I hate this API and Go's handling of protocol buffers in general. Especially preparing test data for it makes for some of the most cumbersome and unwieldy files that you will ever come across. Combined with table driven testing you have thousands upon thousands of lines of data with an unbelievably long identifiers that can't be inferred (e.g. in array literals) that is usually copy pasted around and slightly changed. Updating and understanding all of that is a nightmare and if you miss a coma or a brace somewhere, the compiler isn't smart enough to point you to where so you get lines upon lines of syntax errors. But, being opaque has some advantages for sure.
I find that the best way to set up test cases, regardless of language, is usually to use string constants in the proto text format (https://protobuf.dev/reference/protobuf/textformat-spec/). For arrays, and especially for oneofs, it's way less verbose than how things are represented in Go, C++, or Java, and generally at least on par with the Python constructors. Maps are the only thing that suffer a bit, because they're represented as a list of key-val pairs (like in the wire format) instead of an actual map. Your language's compiler won't help you debug, but the parse-text-proto function can point to the source of the issue on a line/character level.

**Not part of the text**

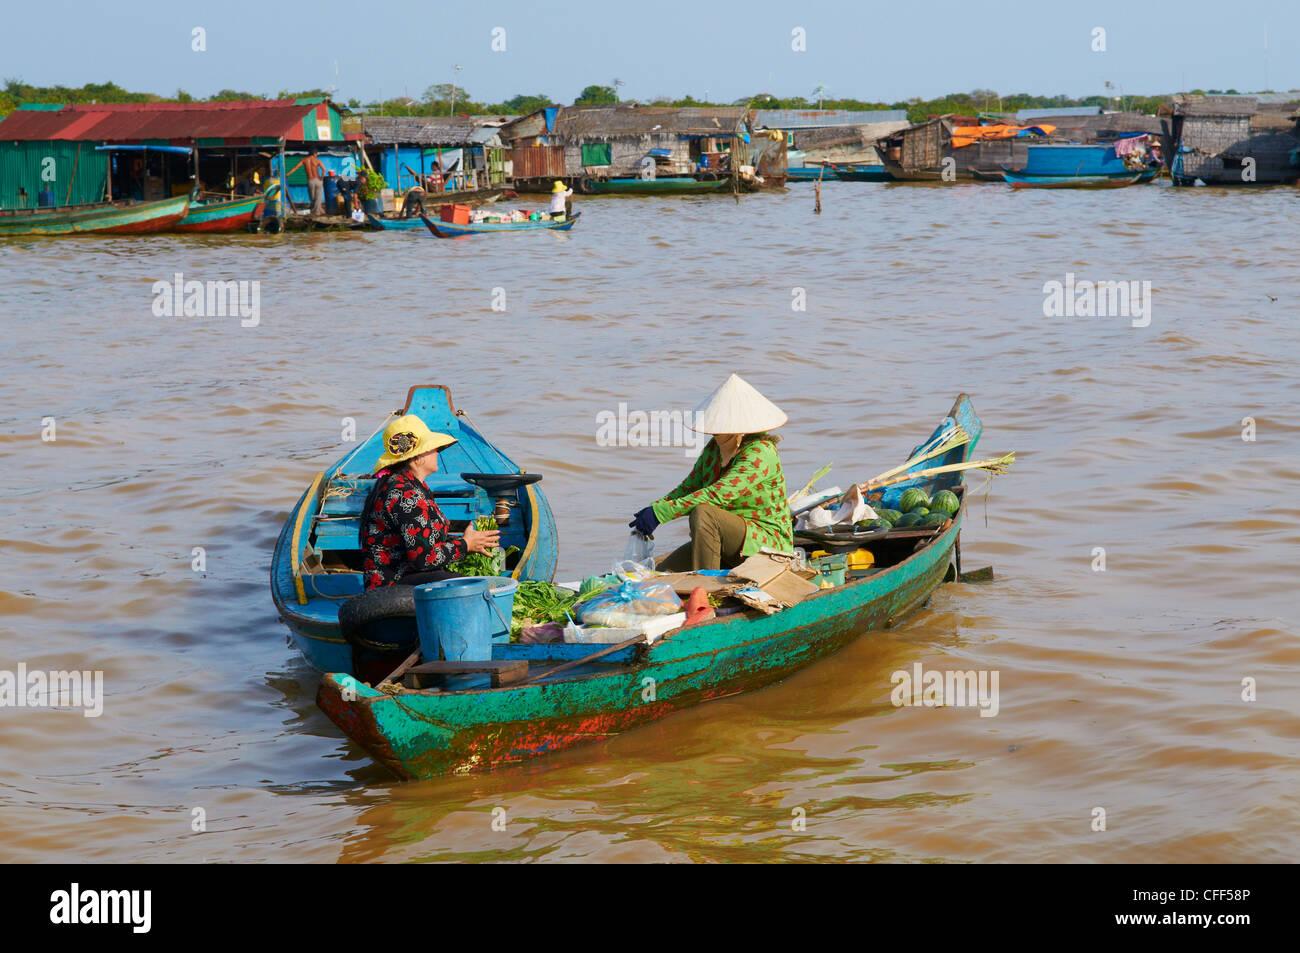 Schwimmende vietnamesischen Dorf, See Tonle Sap, UNESCO-Biosphärenreservat, Kambodscha, Indochina, Südostasien, Stockbild
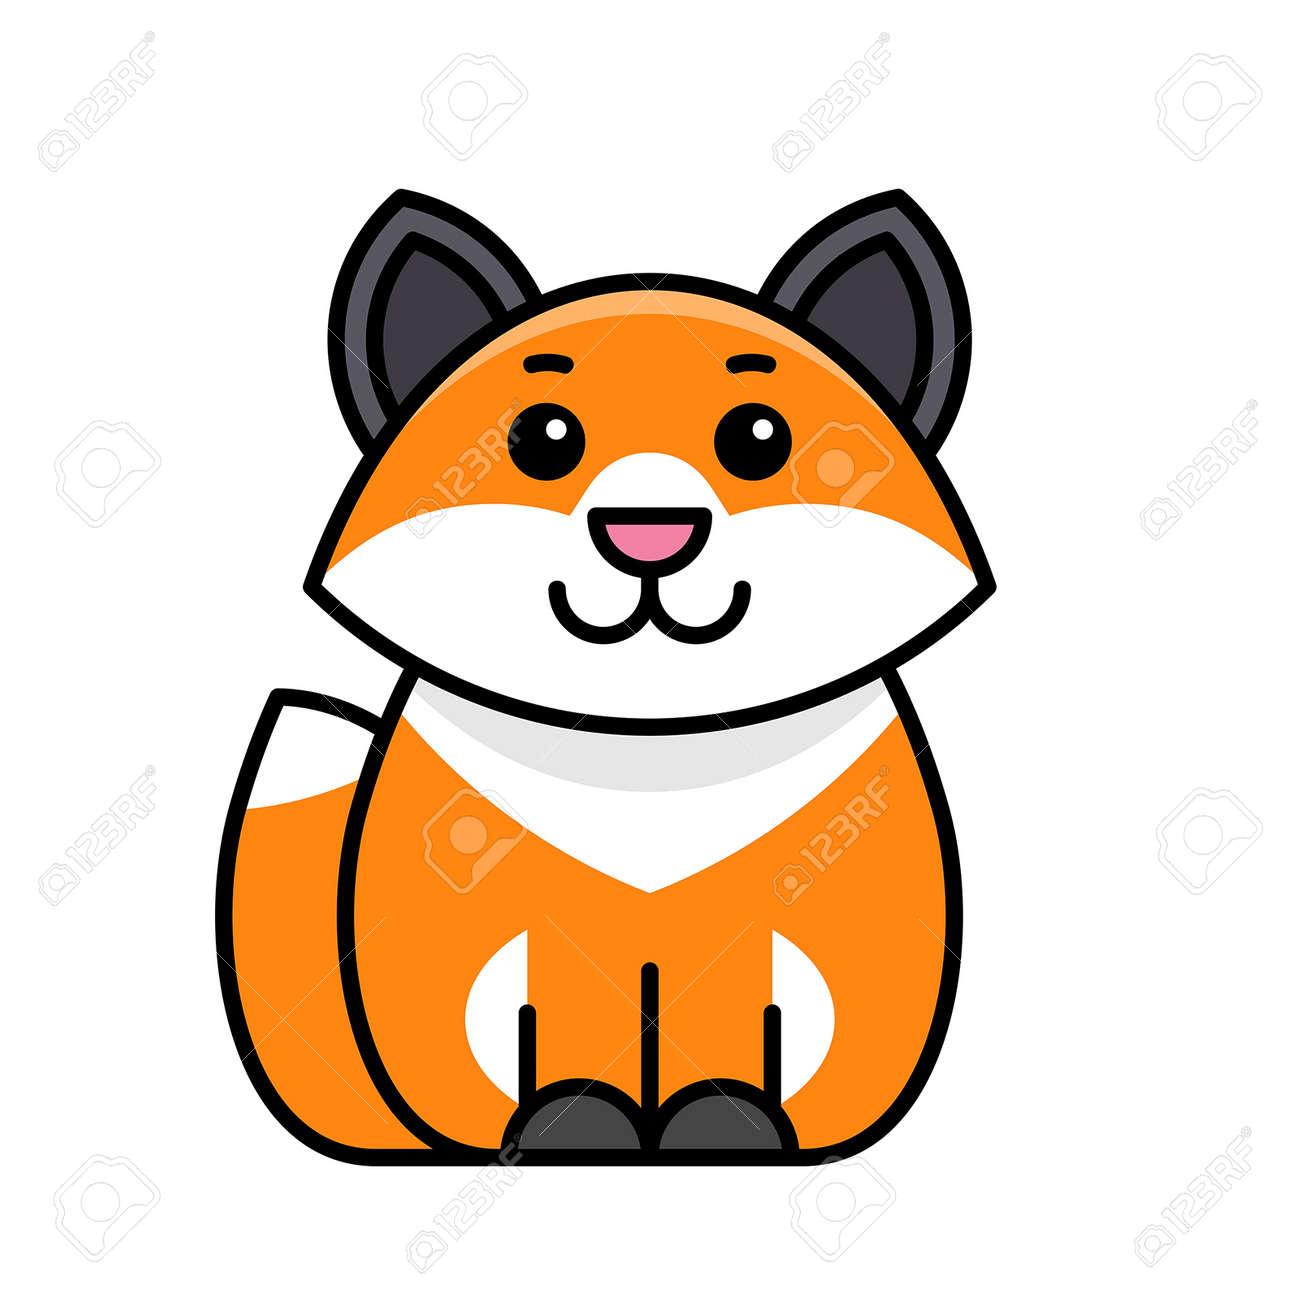 Fox icon. Icon design. Template elements - 171231696

With Go generics - and equivalent in most other languages - you can write a 5-line helper function that takes a string in that format and either returns a valid proto value (using the generic type param to decide which type to unmarshal) or `t.Fatal()`s. You would never do this in production code, but as a way to represent hand-written proto values it's pretty hard to beat.
I haven't used protocol buffers, but in general any kind of code generation produces awful code. I much prefer generating the machine spec (protocol buffers, in this case) from Go code rather than the other way around. It's not a perfect solution, but it's much better than dealing with generated code in my experience.
Protobuf 3 was bending over backwards to try to make the Go API make sense, but in the process it screwed up the API for C++, with many compromises. Then they changed course and made presence explicit again in proto 3.1. Now they are saying Go gets a C++-like API.
What I'd like is to rewind the time machine and undo all the path-dependent brain damage.
When I was at Google around 2016, there was a significant push to convince folks that the proto3 implicit presence was superior to explicit presence.
Is there a design doc with the rationale for switching back to explicit presence for Edition 2023?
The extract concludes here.